Ответ короля Христиана застал его уже в новом изгнании, ибо чума прогнала нас с ростокского побережья. Жаркий ветер разнес эту заразу по всему «граду мира и благоденствия», чьи улицы пропахли гарью от зловещих костров. Новый хозяин, в гости к которому мы отправились, знал моего господина с юных лет, когда оба были студентами, одержимыми математикой, и тогда же стал свидетелем дуэли, стоившей его приятелю носа. То был некто Ранцов, великан, всегда разряженный во что-нибудь яркое, с белым пером на шляпе. Его дочери, наслушавшись рассказов девиц Браге пожелали без ведома своей матери поглядеть на мое диковинное телосложение. Гостеприимство Ранцова должно было послужить утешением Тихо Браге, уязвленному жестокой иронией Христиана IV ибо юный монарх написал ему так: «Если у вас нашлись средства, чтобы одолжить моему деду десять тысяч талеров, зачем просить корону на первое полугодие оставить за вами фьеф Нордфьорда?»

Сказать по правде, этот королевский отказ настиг Моего господина уже не у Ранцова, а в Гамбурге, в обширной крепости, которую герцог велел предоставить в его распоряжение. Замок назывался Ванденсбек. Его беленый фасад выходил на реку и пруд. По утрам щебетание птиц сливалось в сладостный хор. Деревья были столь высоки, что поднимались над кровлями. Уже начиная с середины дня на фасаде трепетала узорная тень листвы. Там было пятьдесят человек прислуги. Численно мы оказались в явном меньшинстве.

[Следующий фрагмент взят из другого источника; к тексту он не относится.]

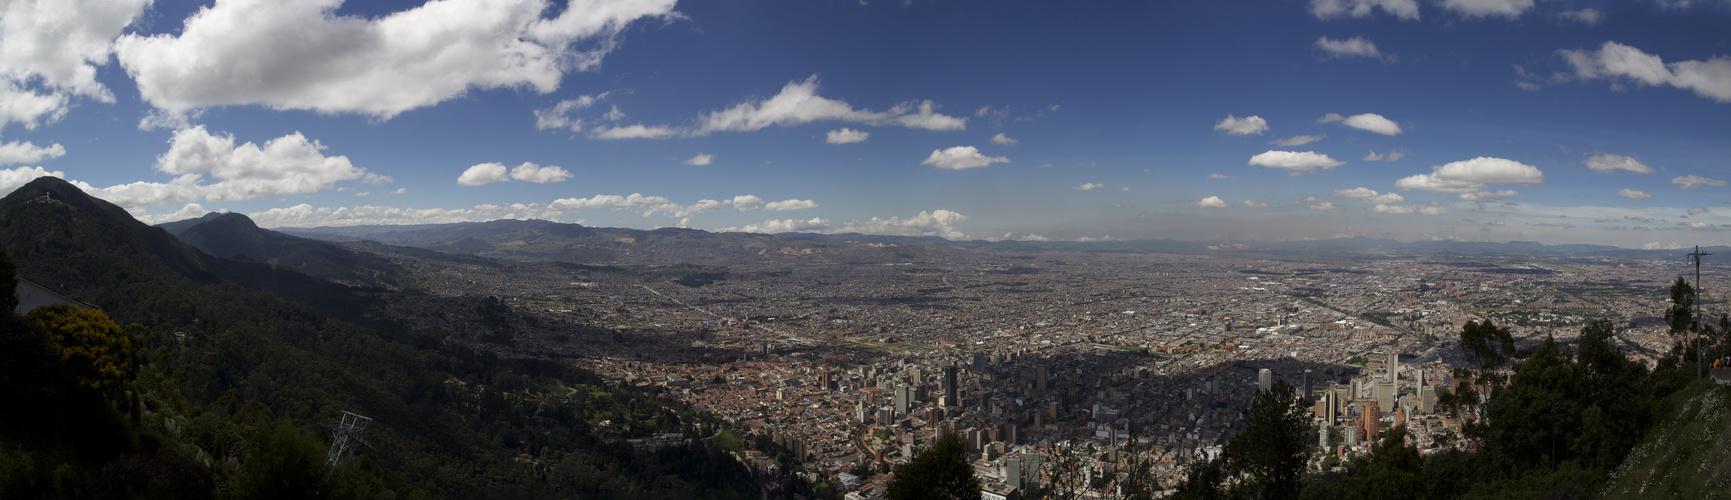 Monserrate de Bogotá

Тому, кто никогда не видел ничего роскошнее знакомого Дании скромного довольства, даже не вообразить тех богатств, коими изобиловал тот дворец. Повсюду золотые вазы, серебряные золоченые тарелки, драгоценные уборы, узорчатые ткани, ковры, шитые золотом и серебром. Апартаменты сиятельной дамы Кирстен и Софии Браге устроили весьма далеко друг от друга. У каждого из сыновей хозяина были свои покои, свои лошади, своя прислуга. Йорген, который все еще не вполне выздоровел – он долго не мог избавиться от хромоты, – был неразлучен со своим воспитателем-немцем. Что до Тюге, он находил участь изгнанника забавной и повадился к портному, причем я его сопровождал. Отец велел одеть сына сообразно его рангу, чтобы тот мог войти в дворянское общество и проверить, годятся ли для Германии его манеры. Не кому иному, как Тюге, он поручил позаботиться о том, чтобы до Рудольфа Габсбурга дошла книга, над которой мы с Лонгомонтанусом некогда столько потрудились. А Тюге мне шепнул по секрету: «Вот уж благое дело что мне в Прагу ехать, там-то я буду приносить жертвы Венере со служанками сколько душе угодно!»

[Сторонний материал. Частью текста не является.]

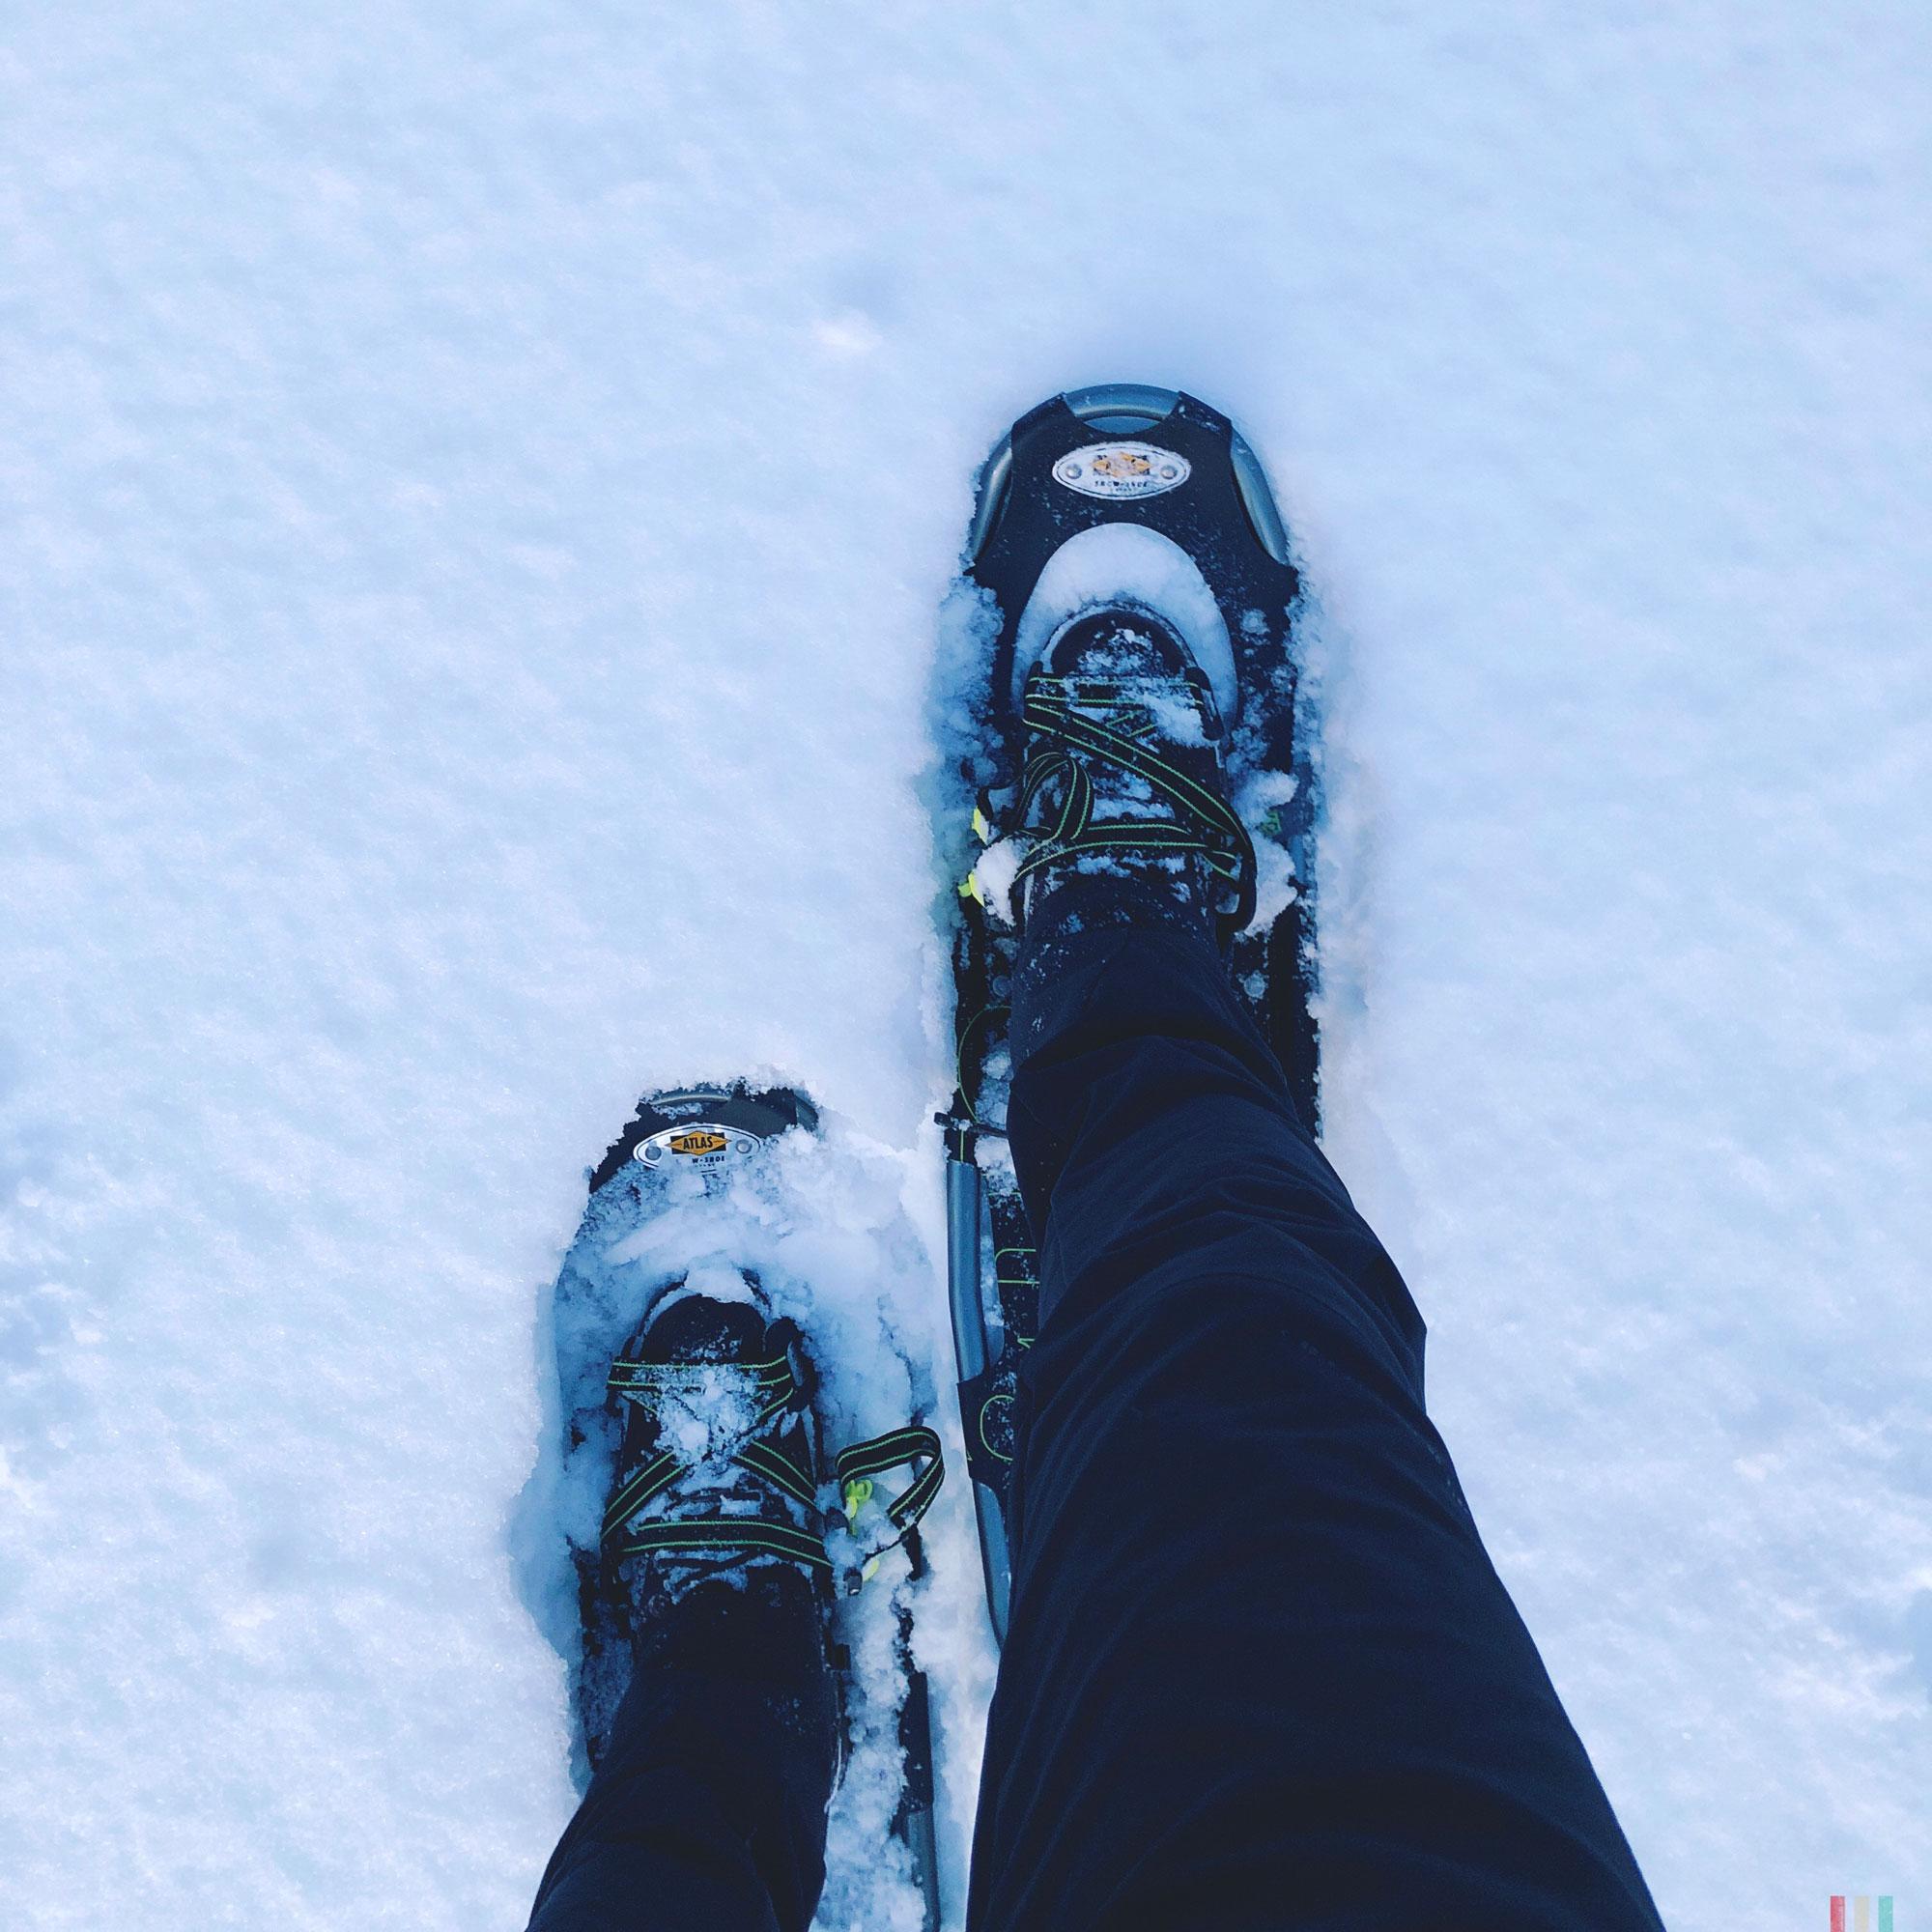 norwegen-senja-wandern-schneeschuhe.jpg

Меня часто со всякими оказиями отправляли в Гамбуг. Там весьма ценили мою двойственную природу. Сеньор впервые признался, что вся его доброта ко мне была не более чем данью почтения к усопшему брату-близнецу. Не чтить в себе подобные побуждения было бы, как он выразился, такой же суетностью, как «отрицать приверженность, которую человек питает к своей родине и своему языку».

О любви к Дании он сочинил длинную поэму, где в сдержанных словах сетовал на неблагодарность короля. И распорядился, чтобы ее издали в Гамбурге с изящным фронтисписом, рисованным его же рукой.

Меня часто демонстрировали полуголым, в фас и профиль, при свете, льющемся из окон, или распростертого на столе. И пока вокруг обсуждали меня, я мог сколько угодно наслаждаться переливами красок небес и вод, смотреть, как корабли лениво распускают паруса, выходя из перегороженной цепями внутренней гавани, как в розовом тумане проступают очертания мачт, выделяясь на фоне кирпичных строений.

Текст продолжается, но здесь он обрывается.